2 Gij, die vol van groot gedruis waart, gij woelige stad, gij, vrolijk huppelende stad, Uw verslagenen zijn niet verslagen met het zwaard, noch gestorven in den strijd.
Wena ogcwele imisindo, muzi oxokozelayo, dolobho elilentokozo, ababuleweyo bakho kababulawanga ngenkemba, kabafelanga empini.
3 Al uw oversten zijn te zamen weggevlucht; zij zijn van de schutters gebonden, allen, die in u gevonden zijn, zijn samengebonden, zij zijn van verre gevloden.
Bonke ababusi bakho babaleke kanyekanye, babotshwe ngabatshoki, bonke abatholakala kuwe, babotshiwe kanyekanye, babaleke besuka khatshana.
4 Daarom zeg ik: Wendt het gezicht van mij af; laat mij bitterlijk wenen; dringt niet aan, om mij te troosten over de verstoring der dochteren mijns volks.
Ngenxa yalokhu ngathi: Susani amehlo kimi; kangikhale kabuhlungu; ungaphangisi ukungiduduza ngenxa yokuchitheka kwendodakazi yabantu bakithi.

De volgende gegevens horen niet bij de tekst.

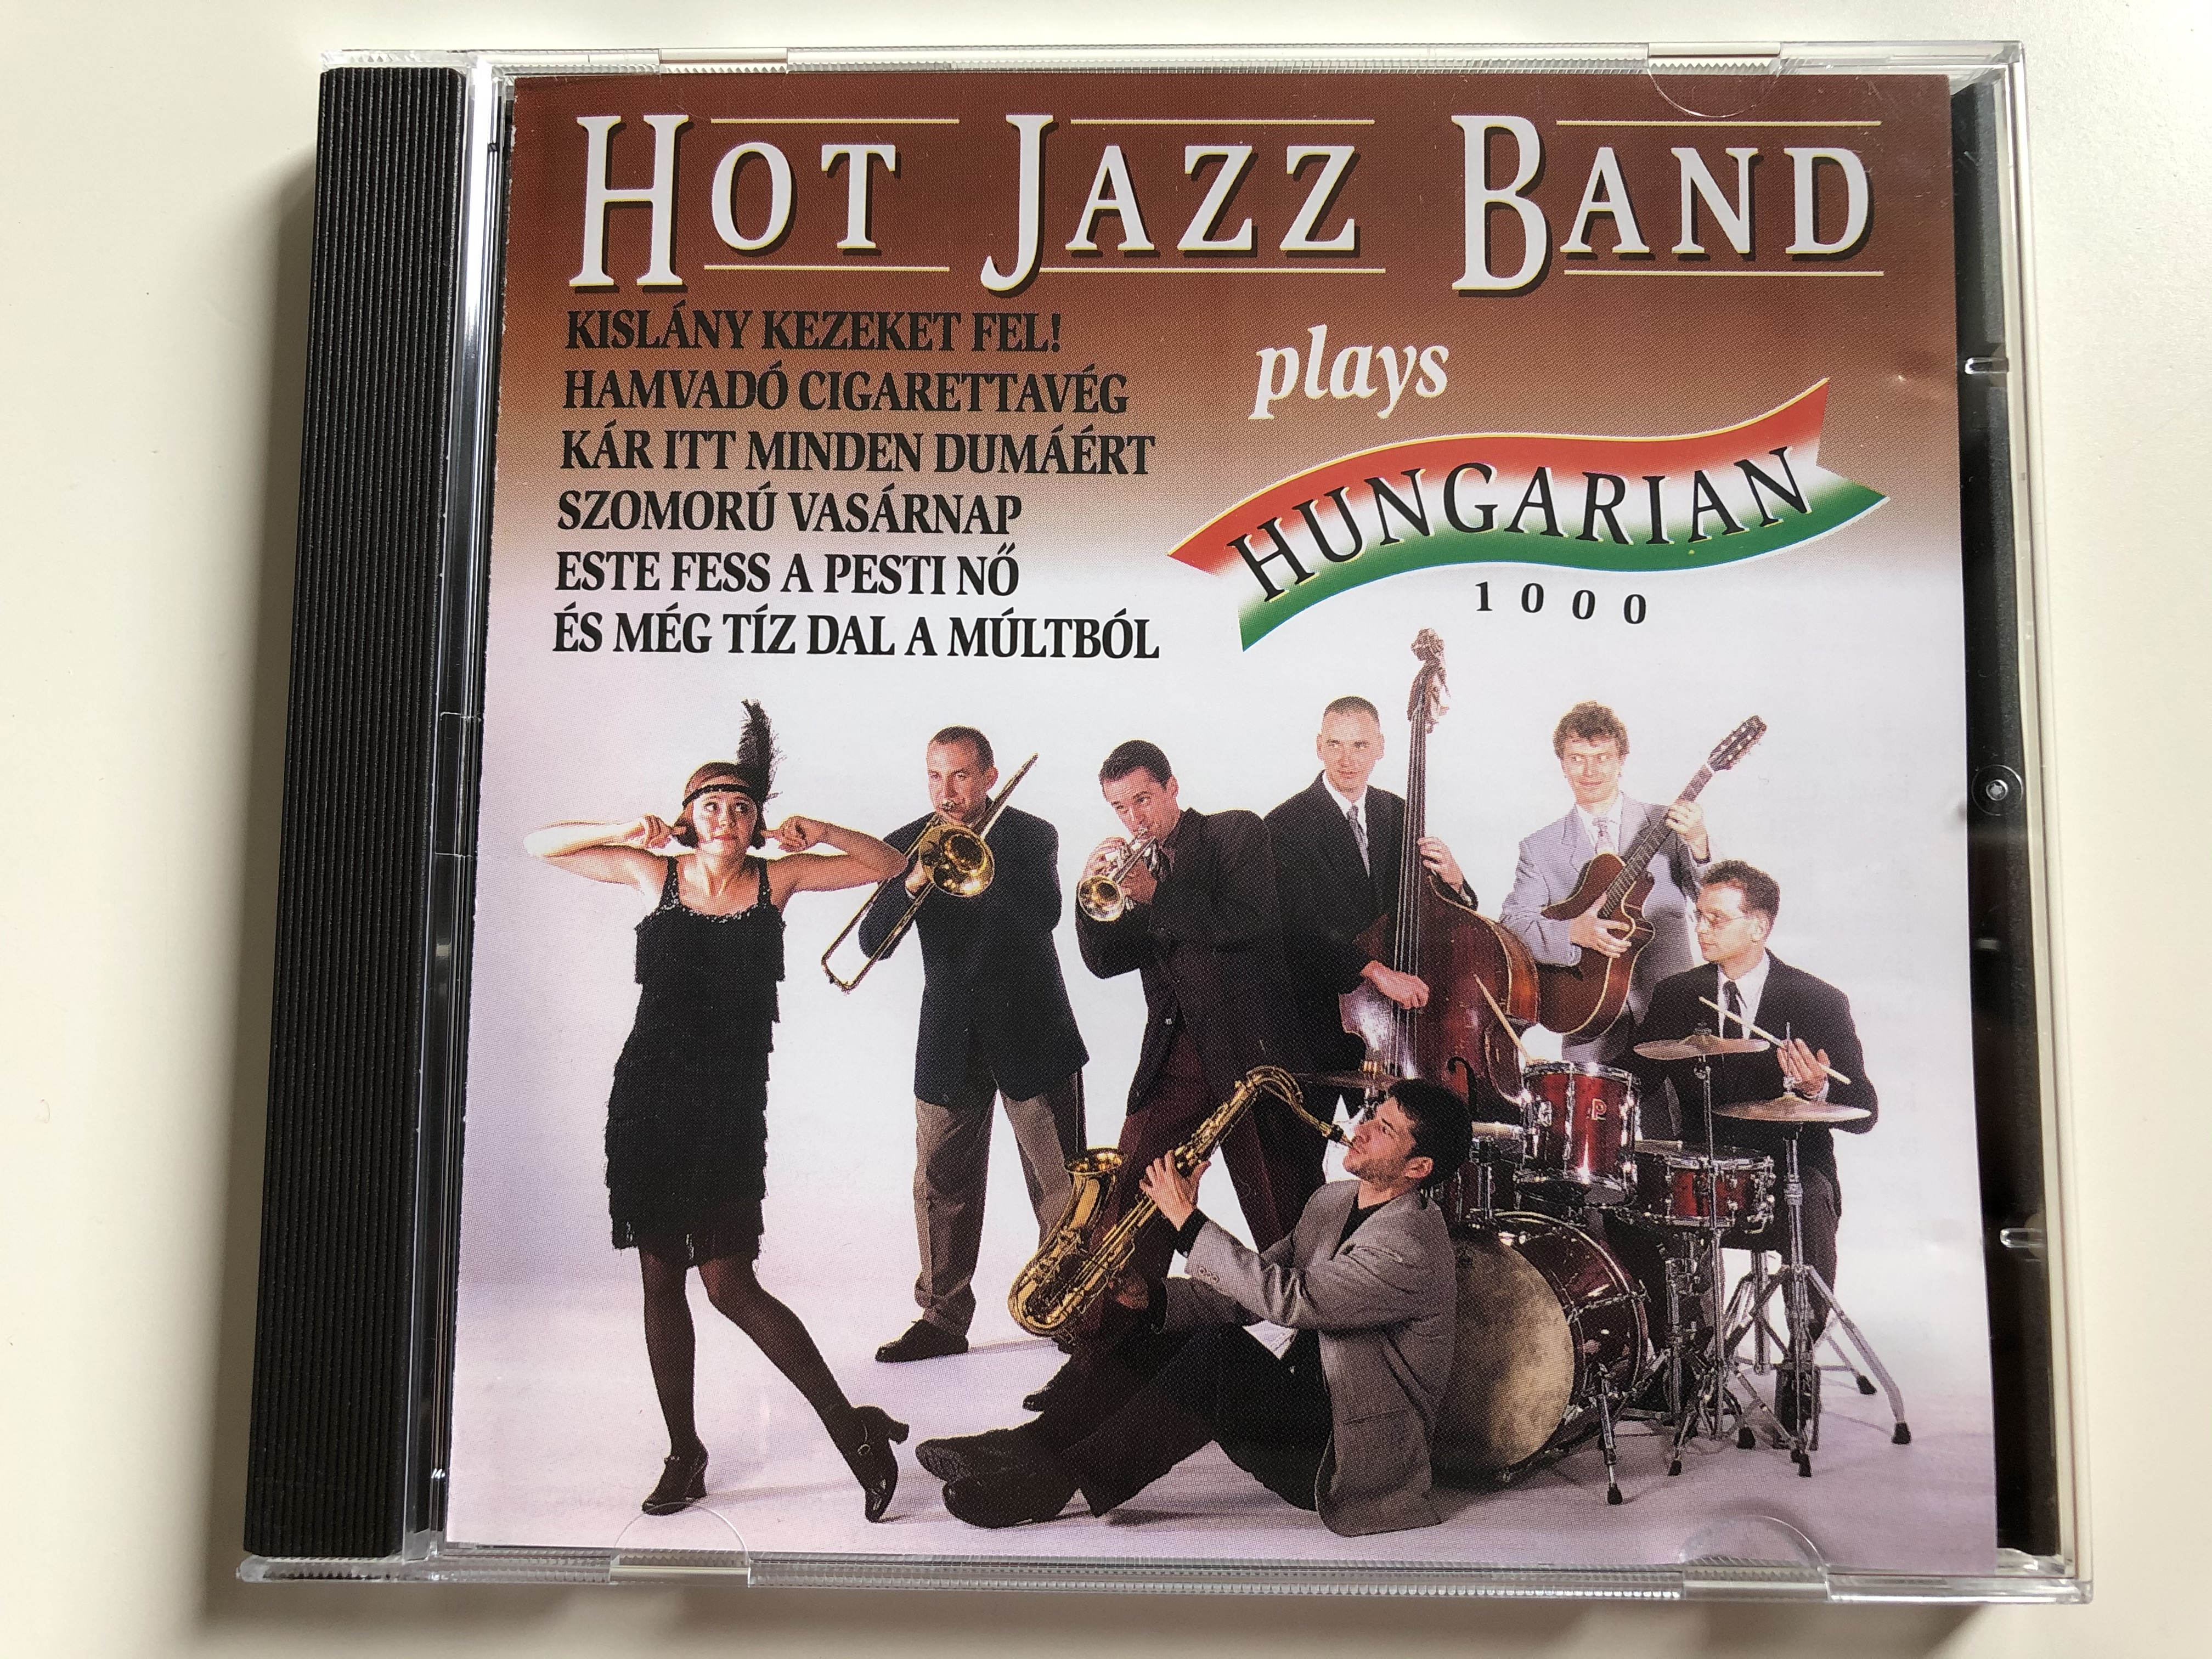 hot-jazz-band-plays-hungarian-1000-kisl-ny-kezeket-fel-hamvad-cigarettav-g-k-r-itt-minden-dum-rt-szomor-vas-rnap-este-fess-a-pesti-n-es-meg-tiz-dal-a-multbol-hot-jazz-band-audio-cd-19-1-.jpg

5 Want het is een dag van beroering, en van vertreding, en van verwarring van den Heere, den HEERE der heirscharen, in het dal des gezicht, een dag van ontmuring des muurs, en van geschreeuw naar het gebergte toe.
Ngoba kulusuku lokusanganiseka, lolokunyathelela phansi, lolokuphithizela kweNkosi uJehova wamabandla esigodini sombono, lokudilizela phansi umduli, lolokuhlaba umkhosi kuze kube sentabeni.
6 Want Elam heeft den pijlkoker genomen, de man is op den wagen, er zijn ruiters; en Kir ontbloot het schild.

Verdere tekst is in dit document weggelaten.